While a number of techniques for 3D molecular comparison have been proposed [1, 13, 14], in this article, we focus on similarity-based virtual screening using molecular shape [15–17] as the key feature for discrimination. Shape is known to play an important role in molecular-recognition, with previous studies demonstrating successful applications to virtual screening experiments [16, 18]. However, identifying suitable encodings based on shape are far from trivial [18–21], which pose significant hurdles in their application to fast screening of compound databases.

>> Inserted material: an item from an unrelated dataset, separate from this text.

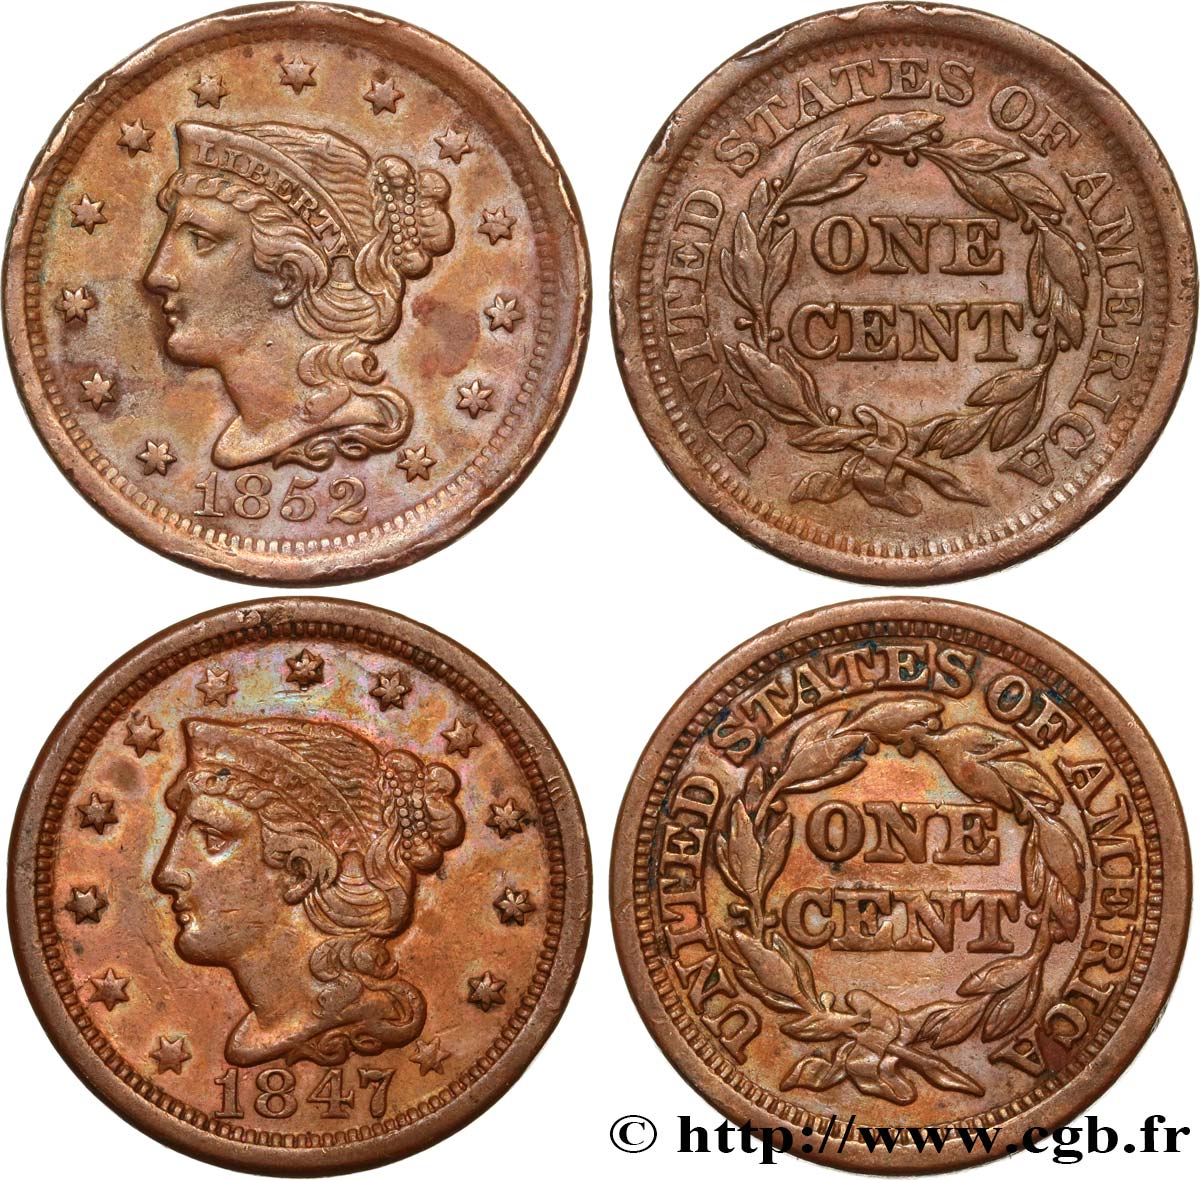 UNITED STATES OF AMERICA Lot de 2 “One Cent Braided Hair” 1847,1852 Philadelphie AU

In order to facilitate efficient comparisons, several representations of shape have been proposed ranging from those based on moments  and surfaces [21, 23] to grid-based approaches  (see Putta & Beroz  for a comprehensive review). A well-established method is that of ROCS (Rapid Overlay of Chemical Structures) that describes the molecule as a set of atom-centered Gaussians . Shape similarity scores are then evaluated in terms of the rigid body overlap volume with comparison timings in the milliseconds range. Goldman and Wipke , on the other hand, divide the molecular surface  into a series of patches (2Å radius) centered on a set of critical points  with each patch defined by a geometrically invariant descriptor (the principal curvatures, normals, and the shape index). Points with similar geometric signatures are identified, based on which a transformation can be calculated. Proceeding along the same lines, SURFCOMP  uses a graph matching to identify correspondences between shape (local curvature) critical points of the molecular surfaces being compared. Although the superimpositions found using the above two methods were found to be reasonably accurate, pairwise comparisons took more than a minute, which limits their large scale application.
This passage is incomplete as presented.